Strings in Perl

In this tutorial of our Perl Course, we will start working with the famous strings.
Programming language Perl tutorial about strings

Strings eminPerl

Strings are nothing more than a character group, for example:
"Perl"
"Progressive Perl"
"Music 2112"
"Progressive Perl tutorial \n"

The shortest string is empty: ""
The largest is the one that completes the memory of your machine.
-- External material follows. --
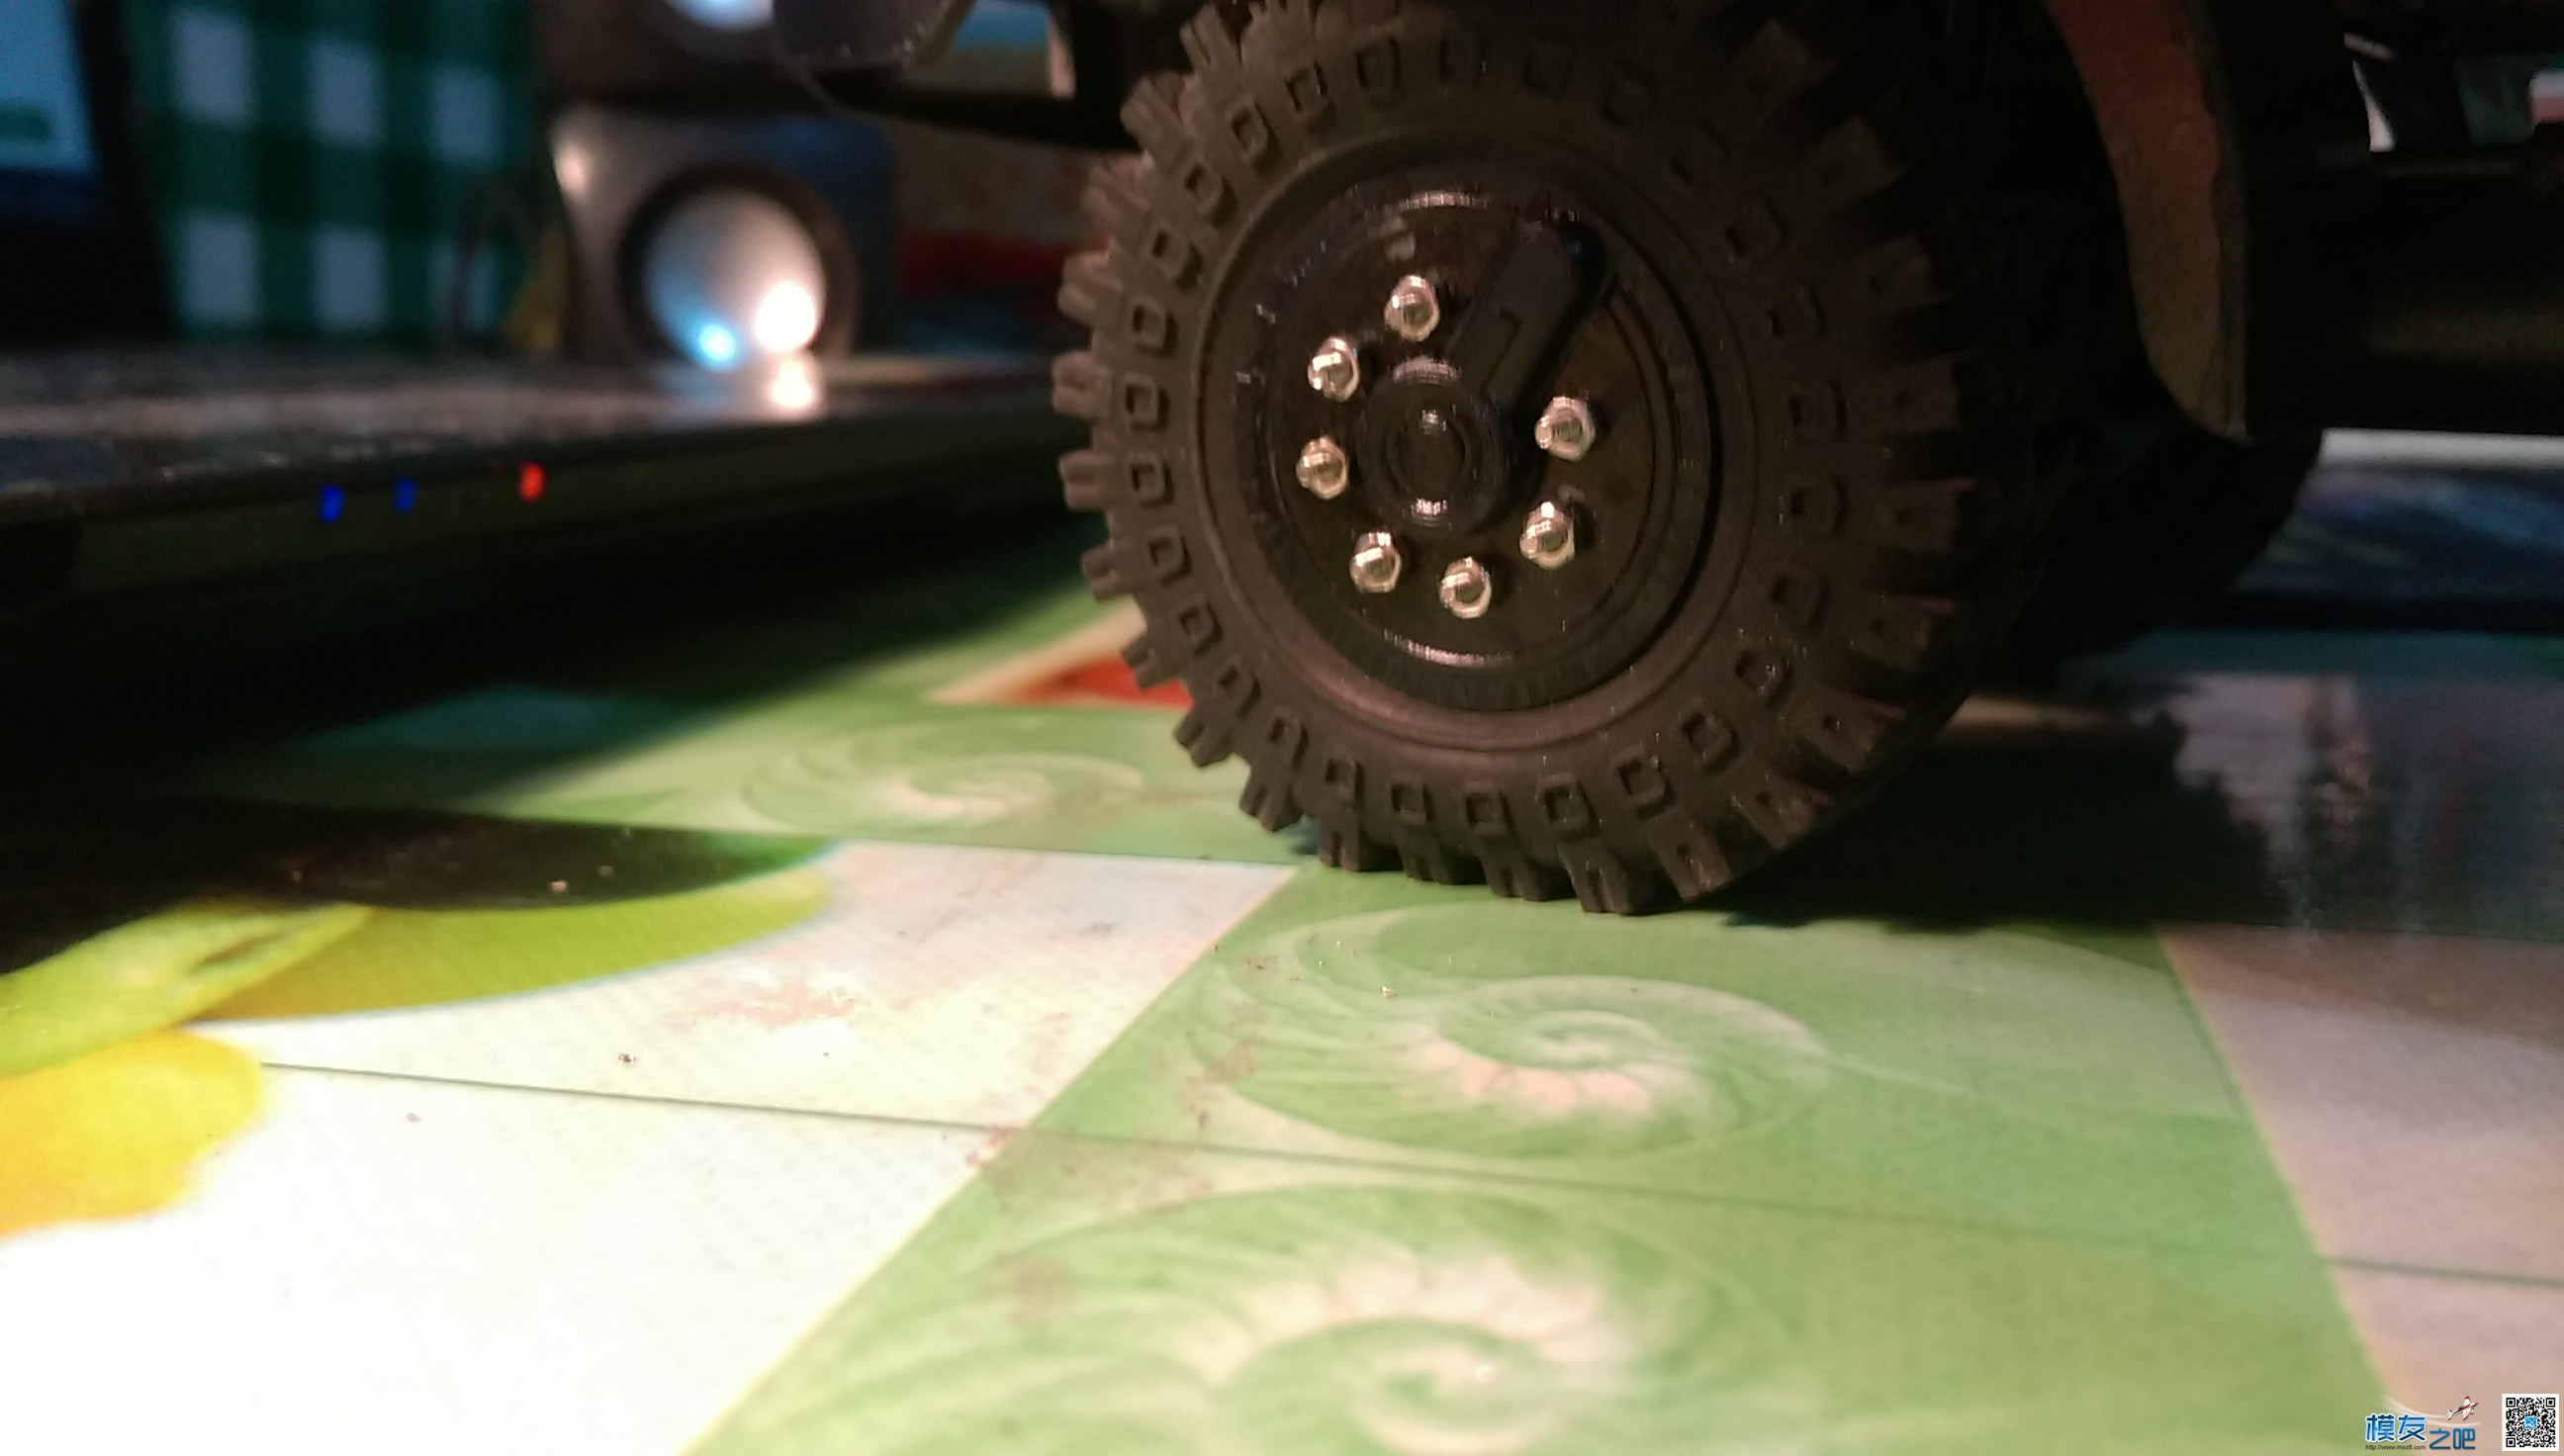 太脱拉第二弹—1:20太脱拉达喀尔沙漠卡车 3D打印,图纸 作者:德克斯特 8515 
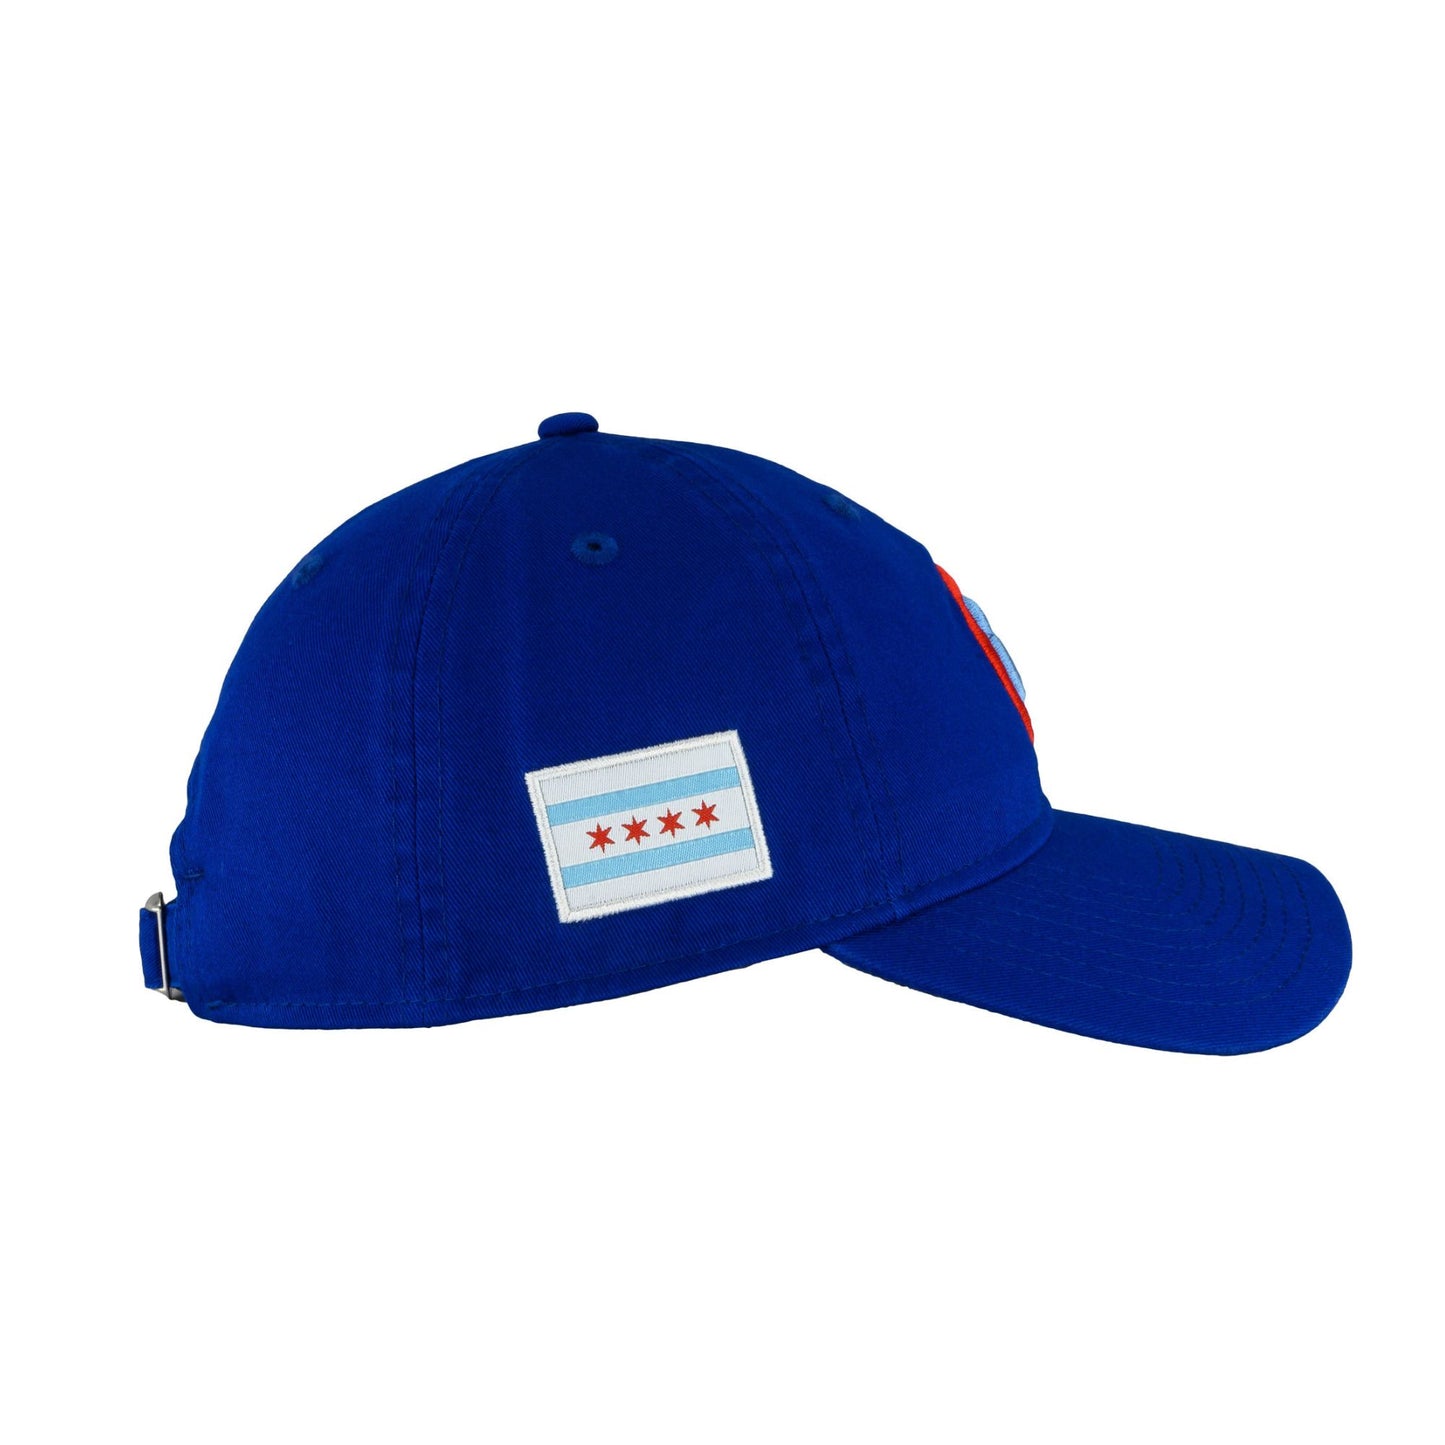 Chicago Cubs Cooperstown New Era 9TWENTY Adjustable Hat

Strings always appear within quotes, single or double.

Single quotes

Everything within single quotes will be displayed as it appears in the code except the single quote and the slash \

Run the following script:
#!/usr/bin/perl
print 'Progressive Perl Tutorial \n';
Results: Progressive Perl Tutorial \n

That is, we typed \n and \n appeared, it was not interpreted as a line break.
To print the bar, do: \\
To print a quote, do: \'

The following script displays a slash and a single quotation mark:
#!/usr/bin/perl
print '\\ \'';

Double quotes

This one we already used in our tutorial on Hello, World! and print and say functions.
If we do:
print "Progressive Perl Course! \ n";
It will interpret \n as a line break, instead of printing '\ n' to the screen.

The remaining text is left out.